* _TASK GOAL_
Starting at the line that contains "Un apiculteur dans", transcribe each line exactly through the end of the data below, and skip any pictures.

* _DATA SEGMENT_
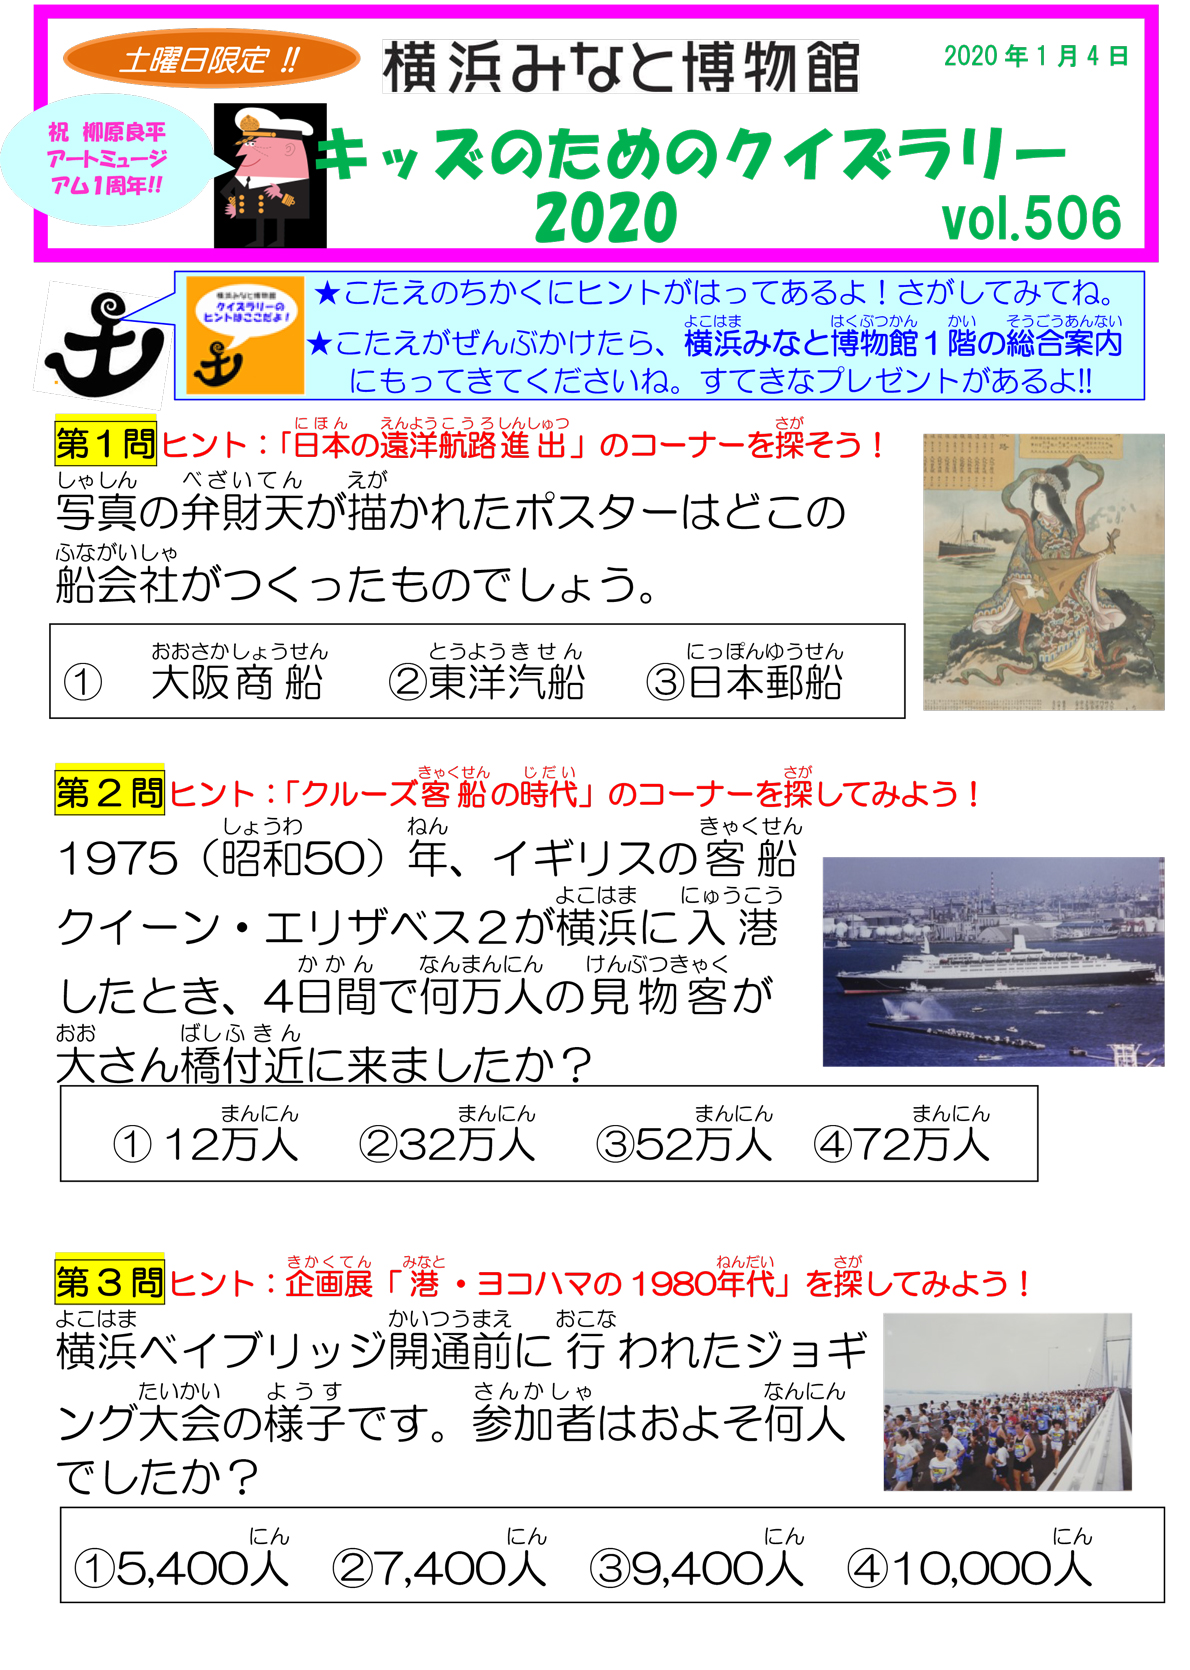 教育プログラム 帆船日本丸 横浜みなと博物館
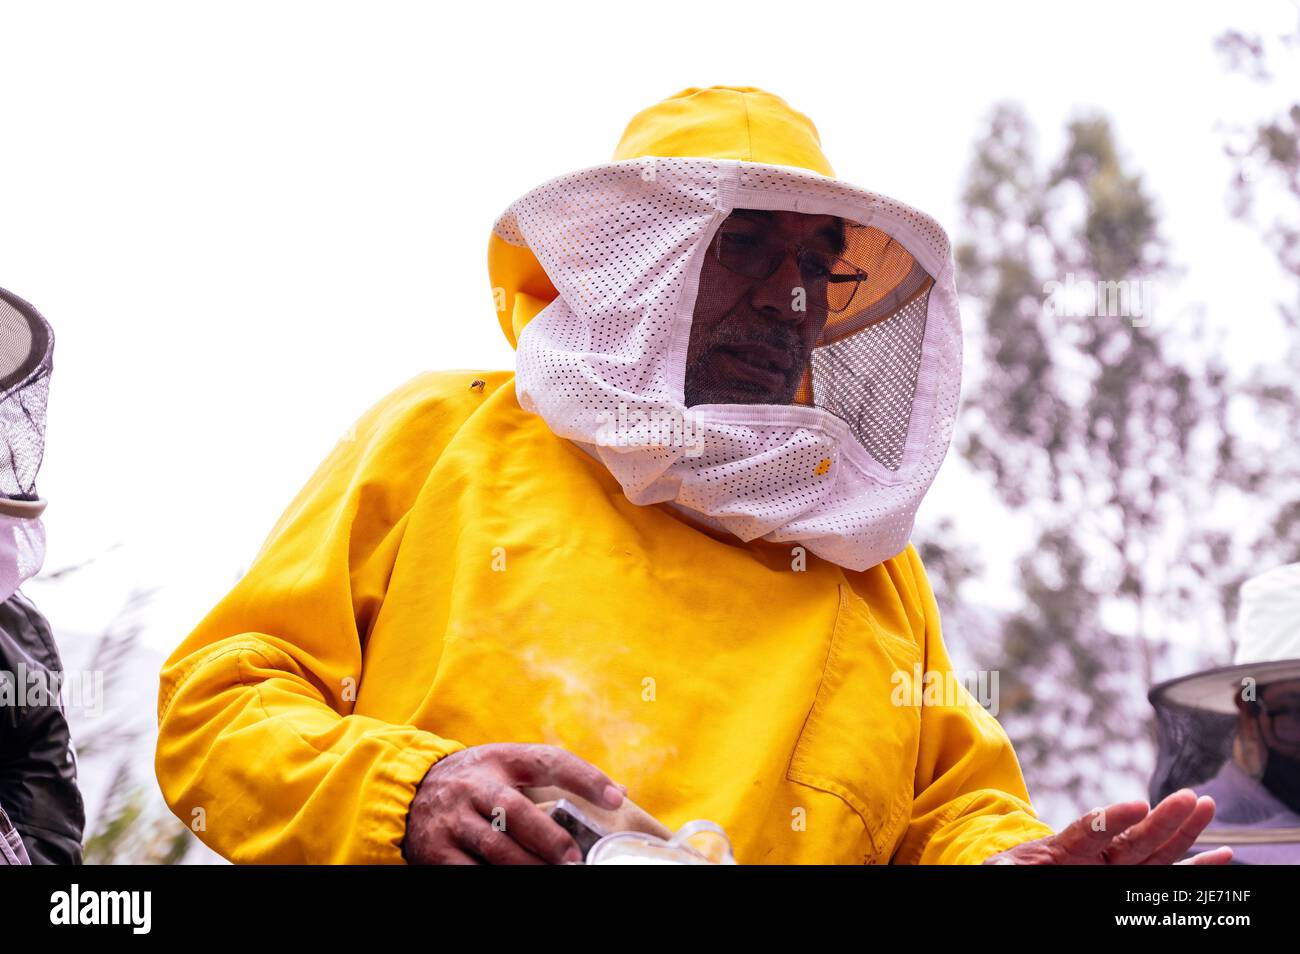 Un apiculteur dans une combinaison de protection travaille avec les abeilles. Un apiculteur inspecte les ruches en bois. Apiculture. ECO apiary dans la nature. Miel naturel frais Banque D'Images
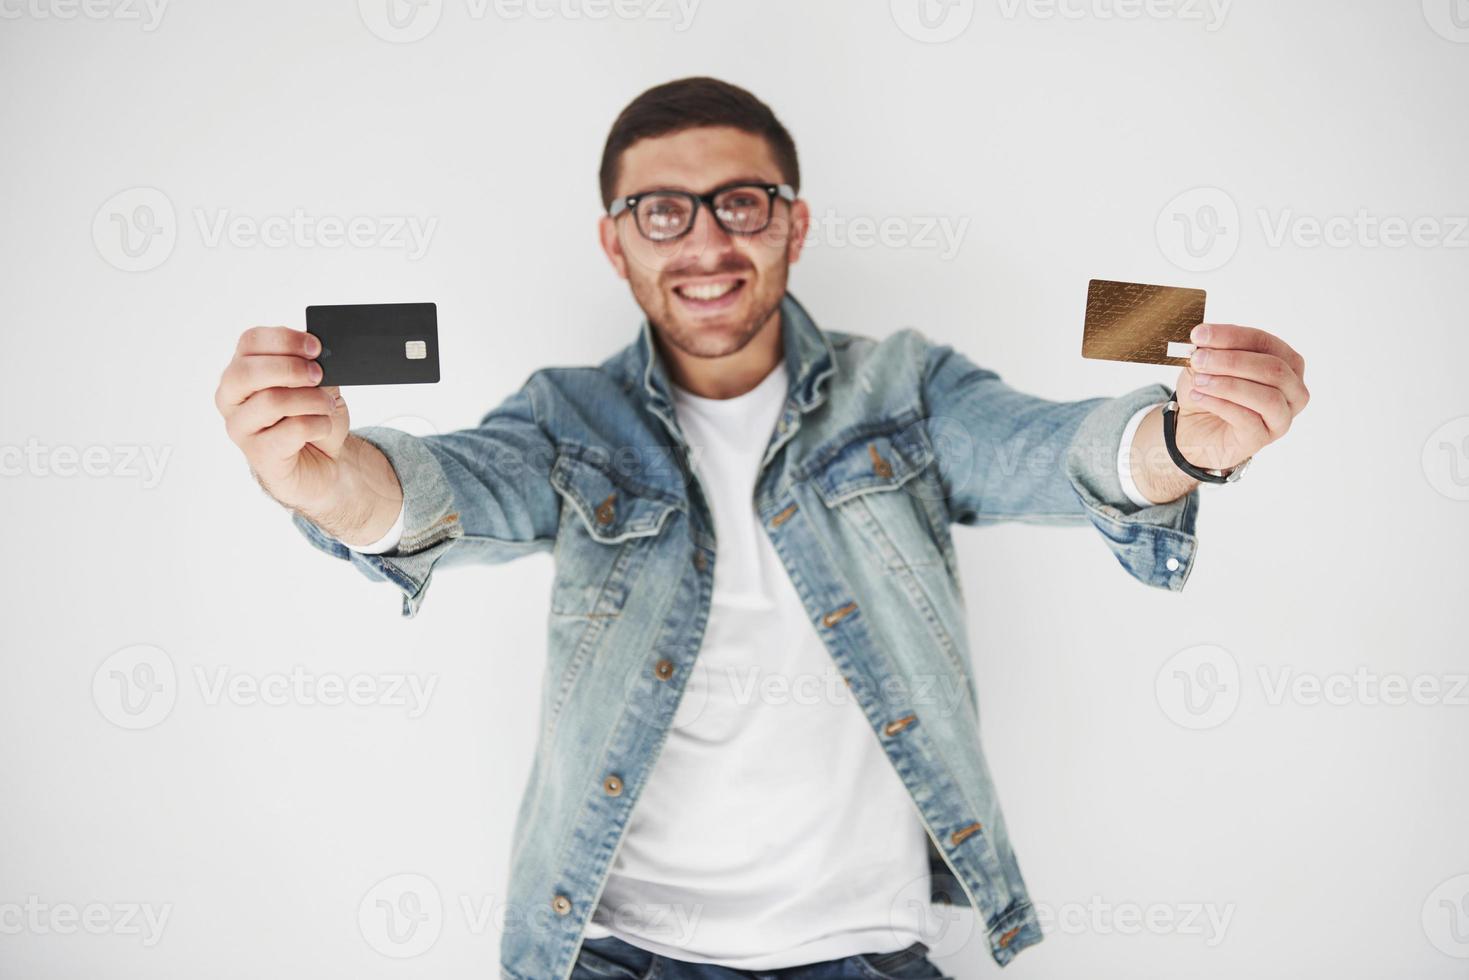 jovem bonito executivo masculino em traje casual, segurando um cartão de crédito nos bolsos em um fundo branco. o conceito de negociação na internet e a facilidade do dinheiro eletrônico foto

* _OUTPUT_
 Un apiculteur dans une combinaison de protection travaille avec les abeilles. Un apiculteur inspecte les ruches en bois. Apiculture. ECO apiary dans la nature. Miel naturel frais Banque D'Images
 jovem bonito executivo masculino em traje casual, segurando um cartão de crédito nos bolsos em um fundo branco. o conceito de negociação na internet e a facilidade do dinheiro eletrônico foto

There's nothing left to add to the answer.